***** DATA TO PROCESS *****
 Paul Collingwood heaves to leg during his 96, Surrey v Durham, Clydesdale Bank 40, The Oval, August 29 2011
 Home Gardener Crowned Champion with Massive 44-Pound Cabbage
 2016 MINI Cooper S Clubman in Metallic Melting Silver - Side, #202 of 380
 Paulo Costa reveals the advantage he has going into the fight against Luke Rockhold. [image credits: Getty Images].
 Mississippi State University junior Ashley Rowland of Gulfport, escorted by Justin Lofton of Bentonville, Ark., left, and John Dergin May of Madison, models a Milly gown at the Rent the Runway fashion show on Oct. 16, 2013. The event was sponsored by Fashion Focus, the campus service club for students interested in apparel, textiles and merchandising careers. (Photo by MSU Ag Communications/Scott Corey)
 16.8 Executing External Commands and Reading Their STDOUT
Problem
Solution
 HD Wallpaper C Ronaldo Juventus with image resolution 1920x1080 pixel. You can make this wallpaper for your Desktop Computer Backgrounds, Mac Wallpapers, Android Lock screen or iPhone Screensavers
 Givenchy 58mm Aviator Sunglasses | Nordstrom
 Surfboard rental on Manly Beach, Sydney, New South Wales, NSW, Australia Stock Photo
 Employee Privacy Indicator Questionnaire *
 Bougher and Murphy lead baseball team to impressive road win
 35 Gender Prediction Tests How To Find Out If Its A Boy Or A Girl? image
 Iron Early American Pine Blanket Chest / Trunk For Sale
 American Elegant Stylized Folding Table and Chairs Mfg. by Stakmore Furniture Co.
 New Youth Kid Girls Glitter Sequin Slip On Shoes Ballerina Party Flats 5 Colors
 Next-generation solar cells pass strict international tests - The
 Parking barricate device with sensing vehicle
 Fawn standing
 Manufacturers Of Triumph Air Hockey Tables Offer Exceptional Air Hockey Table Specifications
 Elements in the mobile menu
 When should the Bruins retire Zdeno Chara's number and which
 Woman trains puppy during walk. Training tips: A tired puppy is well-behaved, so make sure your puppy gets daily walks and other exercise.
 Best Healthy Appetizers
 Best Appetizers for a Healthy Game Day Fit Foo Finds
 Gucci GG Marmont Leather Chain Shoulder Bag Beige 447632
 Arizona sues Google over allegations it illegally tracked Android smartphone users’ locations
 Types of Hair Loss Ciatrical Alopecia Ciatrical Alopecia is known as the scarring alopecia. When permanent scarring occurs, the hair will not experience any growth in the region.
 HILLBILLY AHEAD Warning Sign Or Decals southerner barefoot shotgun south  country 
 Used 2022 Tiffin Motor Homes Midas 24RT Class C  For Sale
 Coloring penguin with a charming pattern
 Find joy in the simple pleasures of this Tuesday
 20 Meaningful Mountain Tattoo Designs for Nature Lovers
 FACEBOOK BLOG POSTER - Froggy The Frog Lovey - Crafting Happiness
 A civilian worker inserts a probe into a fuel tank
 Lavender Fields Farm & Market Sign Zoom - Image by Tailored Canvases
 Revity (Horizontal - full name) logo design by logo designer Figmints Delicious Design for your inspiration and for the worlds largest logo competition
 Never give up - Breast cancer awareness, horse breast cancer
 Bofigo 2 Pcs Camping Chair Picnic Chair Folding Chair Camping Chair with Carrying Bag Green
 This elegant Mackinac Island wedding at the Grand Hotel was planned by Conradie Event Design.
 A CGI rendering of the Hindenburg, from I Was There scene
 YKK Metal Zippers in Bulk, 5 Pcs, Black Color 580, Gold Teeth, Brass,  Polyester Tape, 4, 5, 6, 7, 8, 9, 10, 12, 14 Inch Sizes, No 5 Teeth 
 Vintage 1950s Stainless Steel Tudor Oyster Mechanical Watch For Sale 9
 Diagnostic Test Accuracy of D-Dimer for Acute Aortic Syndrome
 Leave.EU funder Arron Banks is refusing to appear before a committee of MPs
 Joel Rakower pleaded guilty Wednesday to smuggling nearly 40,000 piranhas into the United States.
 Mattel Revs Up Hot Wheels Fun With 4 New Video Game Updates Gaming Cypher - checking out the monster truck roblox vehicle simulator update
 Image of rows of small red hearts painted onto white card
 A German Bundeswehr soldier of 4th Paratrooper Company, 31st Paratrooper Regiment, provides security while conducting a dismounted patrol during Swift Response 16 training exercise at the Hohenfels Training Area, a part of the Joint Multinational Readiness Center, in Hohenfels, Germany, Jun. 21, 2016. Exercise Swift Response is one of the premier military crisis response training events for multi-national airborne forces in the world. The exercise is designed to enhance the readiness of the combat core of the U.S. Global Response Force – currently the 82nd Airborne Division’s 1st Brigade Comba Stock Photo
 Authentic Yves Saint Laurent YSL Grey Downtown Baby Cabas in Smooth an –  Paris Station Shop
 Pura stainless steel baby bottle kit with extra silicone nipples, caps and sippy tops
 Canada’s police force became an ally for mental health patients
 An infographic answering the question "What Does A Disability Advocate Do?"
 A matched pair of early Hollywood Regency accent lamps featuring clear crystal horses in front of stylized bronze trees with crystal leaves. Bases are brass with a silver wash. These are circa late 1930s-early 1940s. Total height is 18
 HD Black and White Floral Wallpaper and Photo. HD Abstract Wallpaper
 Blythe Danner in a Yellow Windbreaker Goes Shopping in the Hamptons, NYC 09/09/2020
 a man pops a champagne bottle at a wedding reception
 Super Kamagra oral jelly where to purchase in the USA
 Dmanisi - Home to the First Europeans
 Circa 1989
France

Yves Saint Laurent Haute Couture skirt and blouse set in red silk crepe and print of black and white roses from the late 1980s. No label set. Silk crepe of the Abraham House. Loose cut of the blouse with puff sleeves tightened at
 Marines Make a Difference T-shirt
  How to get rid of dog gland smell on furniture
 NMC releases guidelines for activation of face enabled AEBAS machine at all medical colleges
*****
All entries above need to be copied verbatim.

 Paul Collingwood heaves to leg during his 96, Surrey v Durham, Clydesdale Bank 40, The Oval, August 29 2011
 Home Gardener Crowned Champion with Massive 44-Pound Cabbage
 2016 MINI Cooper S Clubman in Metallic Melting Silver - Side, #202 of 380
 Paulo Costa reveals the advantage he has going into the fight against Luke Rockhold. [image credits: Getty Images].
 Mississippi State University junior Ashley Rowland of Gulfport, escorted by Justin Lofton of Bentonville, Ark., left, and John Dergin May of Madison, models a Milly gown at the Rent the Runway fashion show on Oct. 16, 2013. The event was sponsored by Fashion Focus, the campus service club for students interested in apparel, textiles and merchandising careers. (Photo by MSU Ag Communications/Scott Corey)
 16.8 Executing External Commands and Reading Their STDOUT
Problem
Solution
 HD Wallpaper C Ronaldo Juventus with image resolution 1920x1080 pixel. You can make this wallpaper for your Desktop Computer Backgrounds, Mac Wallpapers, Android Lock screen or iPhone Screensavers
 Givenchy 58mm Aviator Sunglasses | Nordstrom
 Surfboard rental on Manly Beach, Sydney, New South Wales, NSW, Australia Stock Photo
 Employee Privacy Indicator Questionnaire *
 Bougher and Murphy lead baseball team to impressive road win
 35 Gender Prediction Tests How To Find Out If Its A Boy Or A Girl? image
 Iron Early American Pine Blanket Chest / Trunk For Sale
 American Elegant Stylized Folding Table and Chairs Mfg. by Stakmore Furniture Co.
 New Youth Kid Girls Glitter Sequin Slip On Shoes Ballerina Party Flats 5 Colors
 Next-generation solar cells pass strict international tests - The
 Parking barricate device with sensing vehicle
 Fawn standing
 Manufacturers Of Triumph Air Hockey Tables Offer Exceptional Air Hockey Table Specifications
 Elements in the mobile menu
 When should the Bruins retire Zdeno Chara's number and which
 Woman trains puppy during walk. Training tips: A tired puppy is well-behaved, so make sure your puppy gets daily walks and other exercise.
 Best Healthy Appetizers
 Best Appetizers for a Healthy Game Day Fit Foo Finds
 Gucci GG Marmont Leather Chain Shoulder Bag Beige 447632
 Arizona sues Google over allegations it illegally tracked Android smartphone users’ locations
 Types of Hair Loss Ciatrical Alopecia Ciatrical Alopecia is known as the scarring alopecia. When permanent scarring occurs, the hair will not experience any growth in the region.
 HILLBILLY AHEAD Warning Sign Or Decals southerner barefoot shotgun south  country 
 Used 2022 Tiffin Motor Homes Midas 24RT Class C  For Sale
 Coloring penguin with a charming pattern
 Find joy in the simple pleasures of this Tuesday
 20 Meaningful Mountain Tattoo Designs for Nature Lovers
 FACEBOOK BLOG POSTER - Froggy The Frog Lovey - Crafting Happiness
 A civilian worker inserts a probe into a fuel tank
 Lavender Fields Farm & Market Sign Zoom - Image by Tailored Canvases
 Revity (Horizontal - full name) logo design by logo designer Figmints Delicious Design for your inspiration and for the worlds largest logo competition
 Never give up - Breast cancer awareness, horse breast cancer
 Bofigo 2 Pcs Camping Chair Picnic Chair Folding Chair Camping Chair with Carrying Bag Green
 This elegant Mackinac Island wedding at the Grand Hotel was planned by Conradie Event Design.
 A CGI rendering of the Hindenburg, from I Was There scene
 YKK Metal Zippers in Bulk, 5 Pcs, Black Color 580, Gold Teeth, Brass,  Polyester Tape, 4, 5, 6, 7, 8, 9, 10, 12, 14 Inch Sizes, No 5 Teeth 
 Vintage 1950s Stainless Steel Tudor Oyster Mechanical Watch For Sale 9
 Diagnostic Test Accuracy of D-Dimer for Acute Aortic Syndrome
 Leave.EU funder Arron Banks is refusing to appear before a committee of MPs
 Joel Rakower pleaded guilty Wednesday to smuggling nearly 40,000 piranhas into the United States.
 Mattel Revs Up Hot Wheels Fun With 4 New Video Game Updates Gaming Cypher - checking out the monster truck roblox vehicle simulator update
 Image of rows of small red hearts painted onto white card
 A German Bundeswehr soldier of 4th Paratrooper Company, 31st Paratrooper Regiment, provides security while conducting a dismounted patrol during Swift Response 16 training exercise at the Hohenfels Training Area, a part of the Joint Multinational Readiness Center, in Hohenfels, Germany, Jun. 21, 2016. Exercise Swift Response is one of the premier military crisis response training events for multi-national airborne forces in the world. The exercise is designed to enhance the readiness of the combat core of the U.S. Global Response Force – currently the 82nd Airborne Division’s 1st Brigade Comba Stock Photo
 Authentic Yves Saint Laurent YSL Grey Downtown Baby Cabas in Smooth an –  Paris Station Shop
 Pura stainless steel baby bottle kit with extra silicone nipples, caps and sippy tops
 Canada’s police force became an ally for mental health patients
 An infographic answering the question "What Does A Disability Advocate Do?"
 A matched pair of early Hollywood Regency accent lamps featuring clear crystal horses in front of stylized bronze trees with crystal leaves. Bases are brass with a silver wash. These are circa late 1930s-early 1940s. Total height is 18
 HD Black and White Floral Wallpaper and Photo. HD Abstract Wallpaper
 Blythe Danner in a Yellow Windbreaker Goes Shopping in the Hamptons, NYC 09/09/2020
 a man pops a champagne bottle at a wedding reception
 Super Kamagra oral jelly where to purchase in the USA
 Dmanisi - Home to the First Europeans
 Circa 1989
France

Yves Saint Laurent Haute Couture skirt and blouse set in red silk crepe and print of black and white roses from the late 1980s. No label set. Silk crepe of the Abraham House. Loose cut of the blouse with puff sleeves tightened at
 Marines Make a Difference T-shirt
  How to get rid of dog gland smell on furniture
 NMC releases guidelines for activation of face enabled AEBAS machine at all medical colleges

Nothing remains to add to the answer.